** Opening Records to process block **

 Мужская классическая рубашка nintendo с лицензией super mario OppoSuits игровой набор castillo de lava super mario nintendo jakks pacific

** Closing Records to process block **
** Opening Records to process block **

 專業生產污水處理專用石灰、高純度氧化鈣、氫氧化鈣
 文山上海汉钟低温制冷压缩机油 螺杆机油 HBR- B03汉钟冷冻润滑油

** Closing Records to process block **

● **What the exercise asks**:
From the data above, reproduce word for word the lines running from the line with "專業生產污水處理專用石灰、高純度氧化鈣、氫氧化鈣" to the line with "文山上海汉钟低温制冷压缩机油 螺杆机油 HBR- B03汉钟冷冻润滑油", ends included.

● **Completed exercise**:
 專業生產污水處理專用石灰、高純度氧化鈣、氫氧化鈣
 文山上海汉钟低温制冷压缩机油 螺杆机油 HBR- B03汉钟冷冻润滑油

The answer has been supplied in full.